The clock tuples are allocated to the same processor as the task transaction for the same node:

\[
A_{R5}: \quad \text{inv. locus} (\text{clock}(P, T), i_1) \land \text{locus} (\text{task}(P, \tau, \alpha), i_2) \Rightarrow i_1 = i_2
\]

46
We re-write the transactions to use the new representation (router is not affected):

\[ \text{task}(P, \tau, \alpha) \equiv \]
\[ \sigma : \]
\[ \alpha \neq \bot, \text{clock}(P, \tau), (\forall Q, R, \mu :: \neg \text{msg}(R, Q, P, \tau, \mu)) , \text{state}(P, \sigma) \]
\[ \rightarrow \]
\[ \text{task}(P, a(P, \sigma, \alpha), a(P, \sigma, \alpha)), \]
\[ \text{state}(P, \sigma) \uparrow, \text{state}(P, s(P, \sigma, \alpha)), \]
\[ (Q : c(P, Q, \sigma, \alpha) :: \text{msg}(P, P, Q, l(P, Q, \tau, \sigma, \alpha), v(P, Q, \sigma, \alpha)) ) \]
\[ \| \text{NOR} \rightarrow \text{task}(P, \tau, \alpha) \]

\[ \text{deliver}(P) \equiv \]
\[ Q, \tau, \mu, \sigma : \]
\[ \text{clock}(P, \tau), \text{state}(P, \sigma), \text{msg}(P, Q, P, \tau, \mu) \rightarrow \text{msg}(P, Q, P, \tau, \mu) \uparrow, \text{state}(P, \sigma) \uparrow, \text{state}(P, u(P, \sigma, \mu)) \]
\[ \| \text{TRUE} \rightarrow \text{deliver}(P) \]

\[ \text{gsearch} \equiv \]
\[ \tau : \tau = (\min P, T : \text{work}(P, T) :: T) \rightarrow \text{gupdate}(\tau) \]

\[ \text{gupdate}(\tau) \equiv \]
\[ \text{clock}(P, T) \rightarrow (P :: \text{clock}(P, T) \uparrow), (P :: \text{clock}(P, \tau) \uparrow), \text{gsearch} \]

**Proof Obligations.** Since the refinement doesn't change the semantics of any of the transactions, it is not necessary to re-verify adherence to the original specification.

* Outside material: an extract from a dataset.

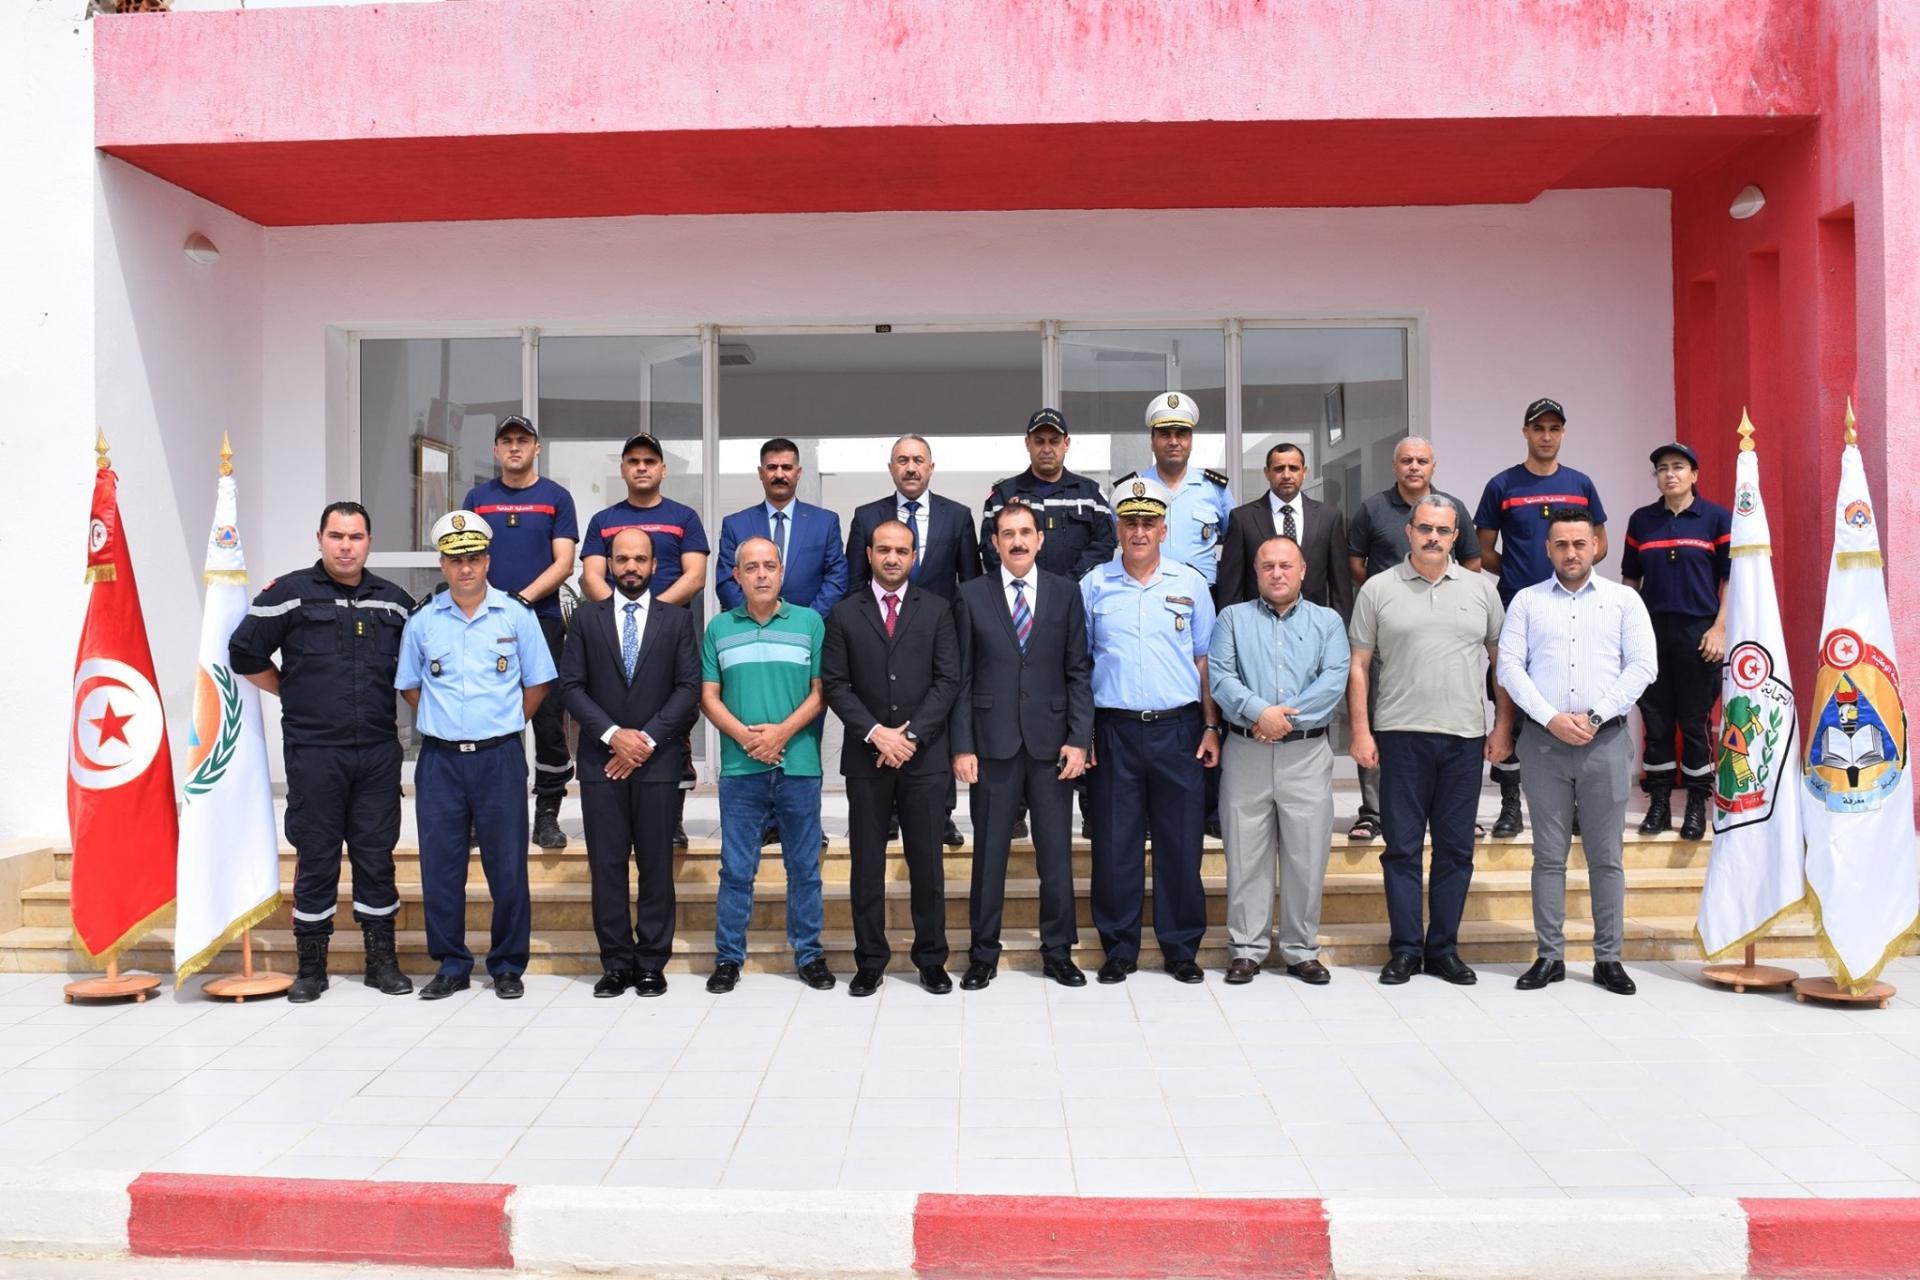 Ouverture de la session de formation en Secours Combat sous la supervision de l'OIPC à l'ENPC

This refinement allows us to prove that `deliver` only accesses local data (CR1-CR2), and so it satisfies the entire architectural specification.

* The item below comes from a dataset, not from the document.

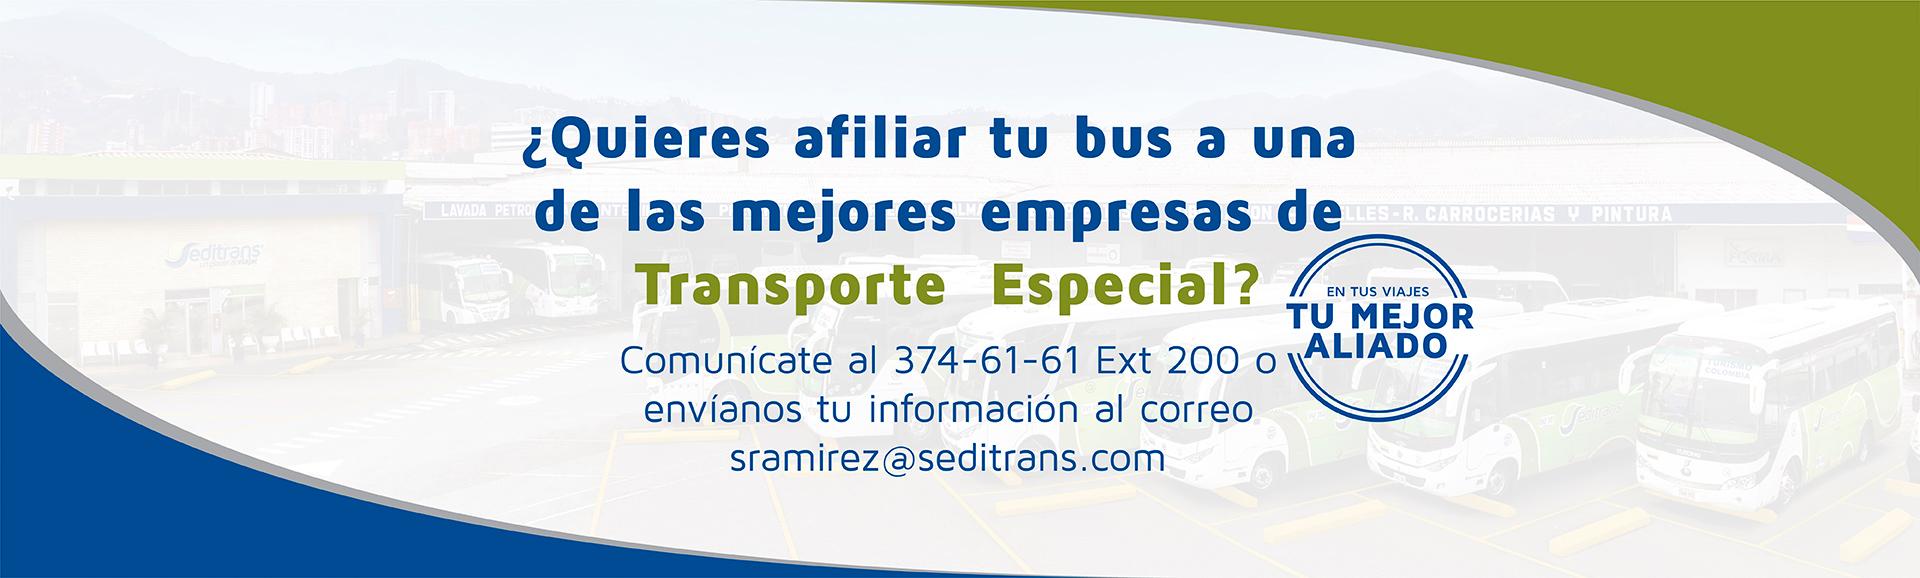 afiliate-a-seditrans-04

**Outstanding Violations.** The allocation of `gsearch` and `gupdate` remains to be decided, and the read violation by `task` is still around.

**Distribute `gupdate`.** We now wish to distribute the update process to eliminate its violations of the specification. The obvious solution is to distribute the transaction, and pass control around the ring, allowing each processor to update its clock locally.

**Refinement.** We replace the `gupdate` transaction type with `update`. This transaction moves around the ring, updating the clock at each processor. We consider that the system is in the update phase wherever there is an `update` transaction at any site:

\[ \text{CR 18: } \text{gupdate}(\tau) = (\exists P :: \text{update}(P, \tau) \} \]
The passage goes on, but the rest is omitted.